Что у них случилось?
VIII
Помню серый, холодноватый день. Мать сидит и держит в руке волюмчик Таухницского издания*. Но чтение, по-видимому, плохо ее занимает: она роняет книгу и опять ее поднимает, кладет ее на колени и хочет резать листы головною шпилькой, но листы рвутся, и книга падает. Она хочет ее поймать и попадает себе в лицо зонтиком, который держит в руке, вместо того чтобы положить его возле себя и сделать, что нужно, обеими руками. Ребенку наскучило смотреть на это неуклюжество, и он стал плакать. Тогда дама бросила книгу и стала поправлять дитя, но у нее ничего не выходило. Она нагнулась пребезобразно над коляской ребенка и оцарапала ему булавкой лицо; он заревел.

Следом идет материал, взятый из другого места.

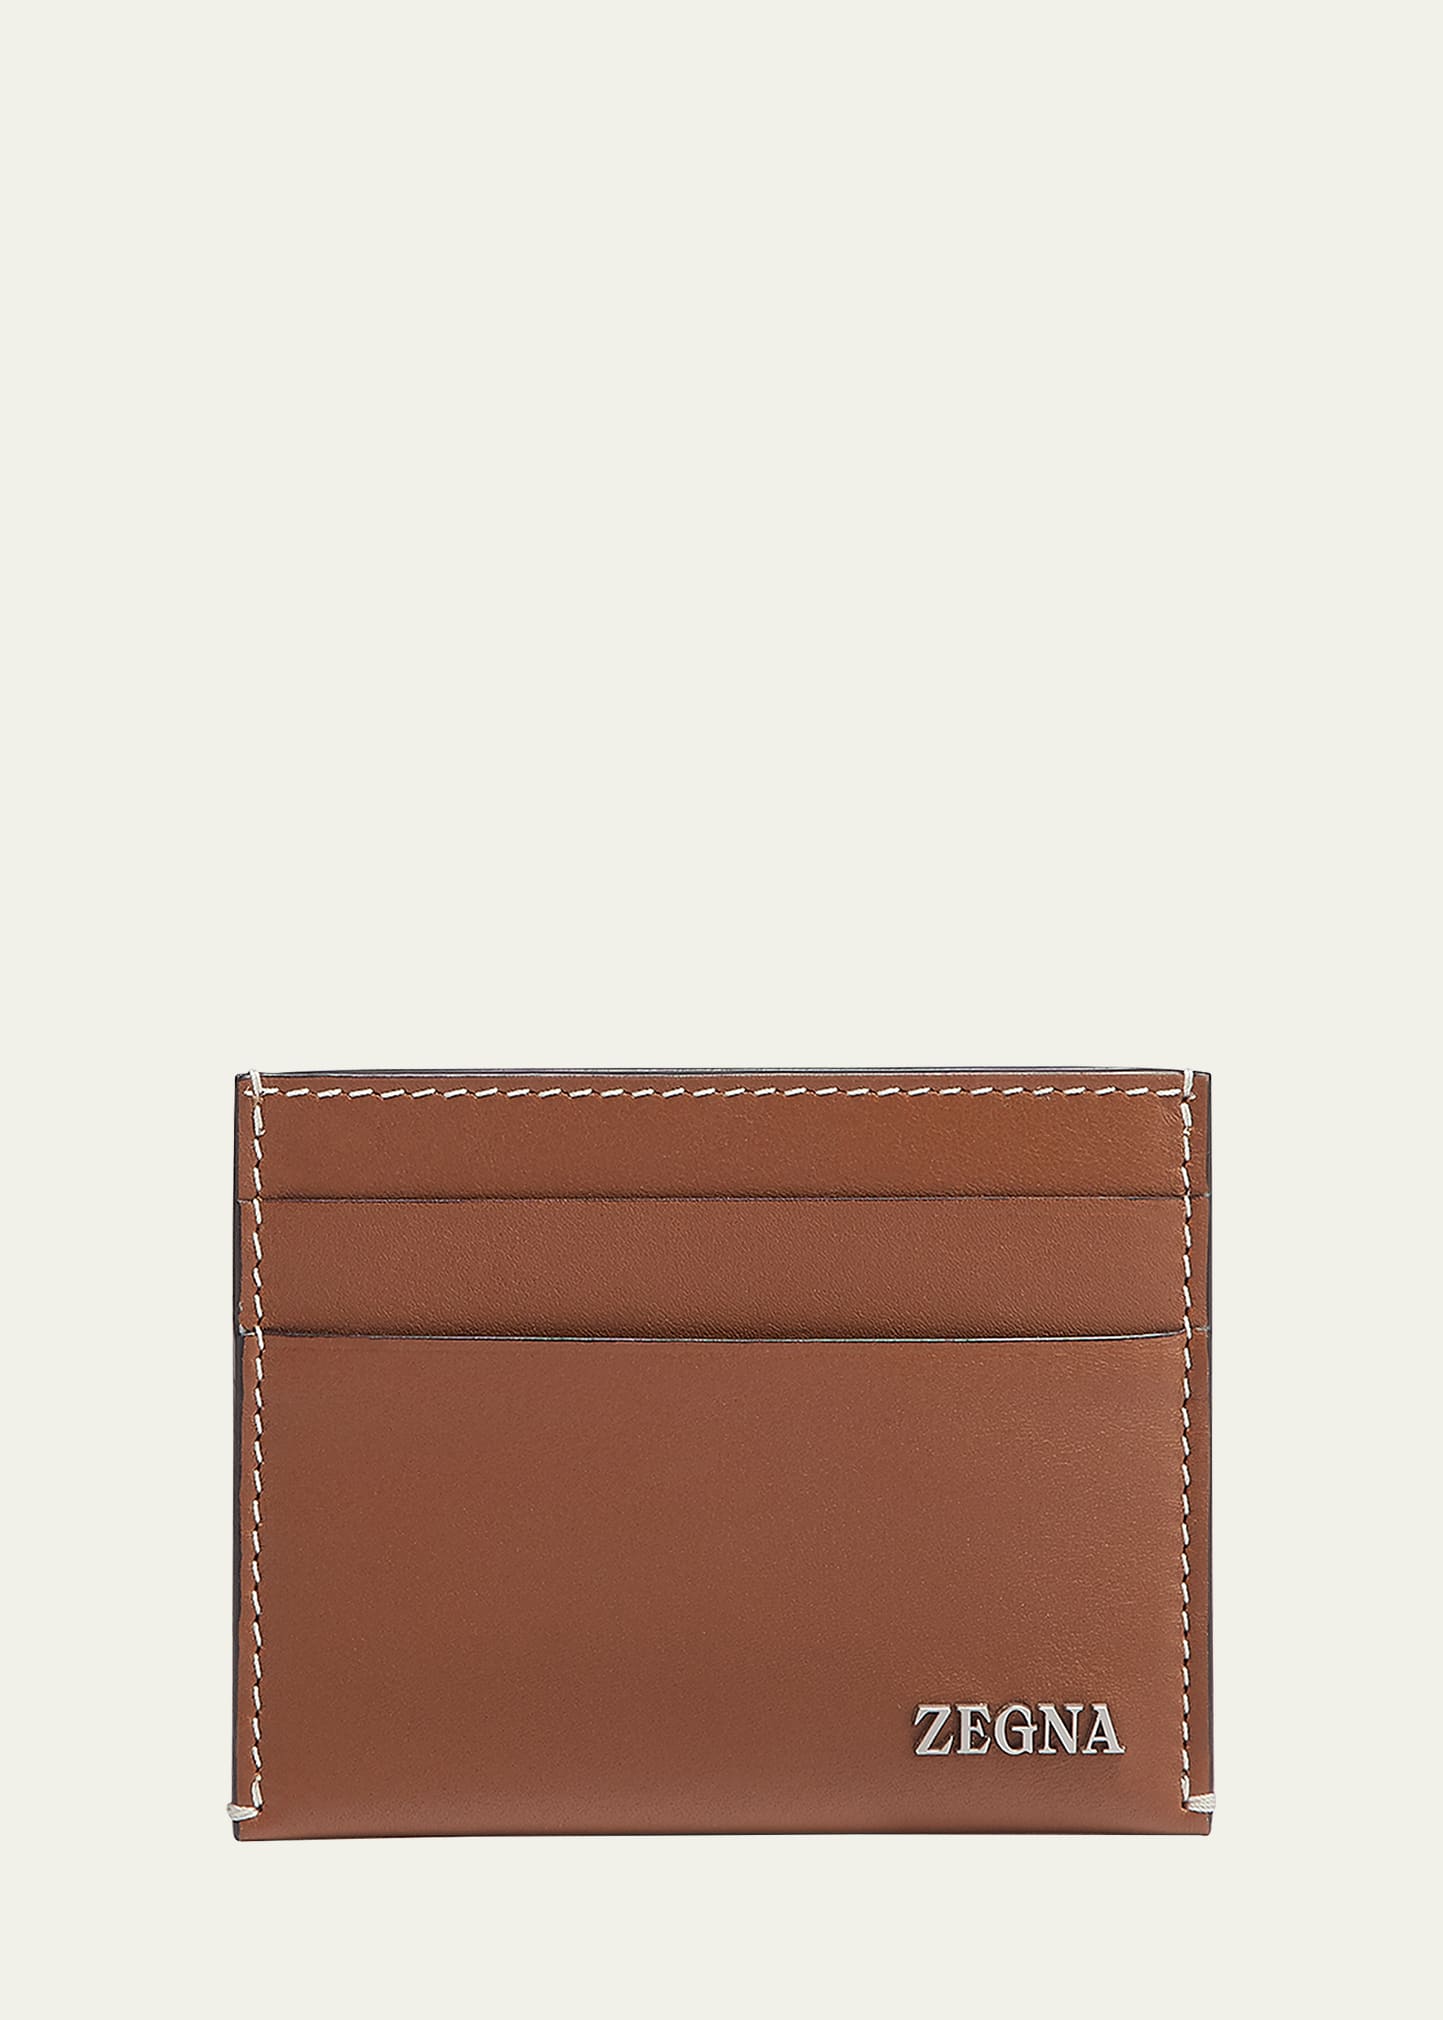 Zegna Men's Leather Card Case In Vsi

Она ему погрозила, потом выхватила его и перевернула, опустив его вниз головою, и, рассердясь на себя, прибила его рукой справа и слева. Ребенок вытянулся и зашелся в рыданиях. Две близко сидевшие дамы в самых мягких выражениях заметили матери, что ребенок испугался и что от этого может случиться припадок. Она отвечала им, что это «не их дело», что она «сама мать», и, быстро встав с места, она повезла колясочку к выходу из сада, но на виду у всех попала в колесо зонтиком и за один прием переломила в зонтике ручку и опрокинула коляску. Это ее так взбесило, что она бросила и коляску и ребенка и со всех ног упала ниц в траву куртины и истерически зарыдала.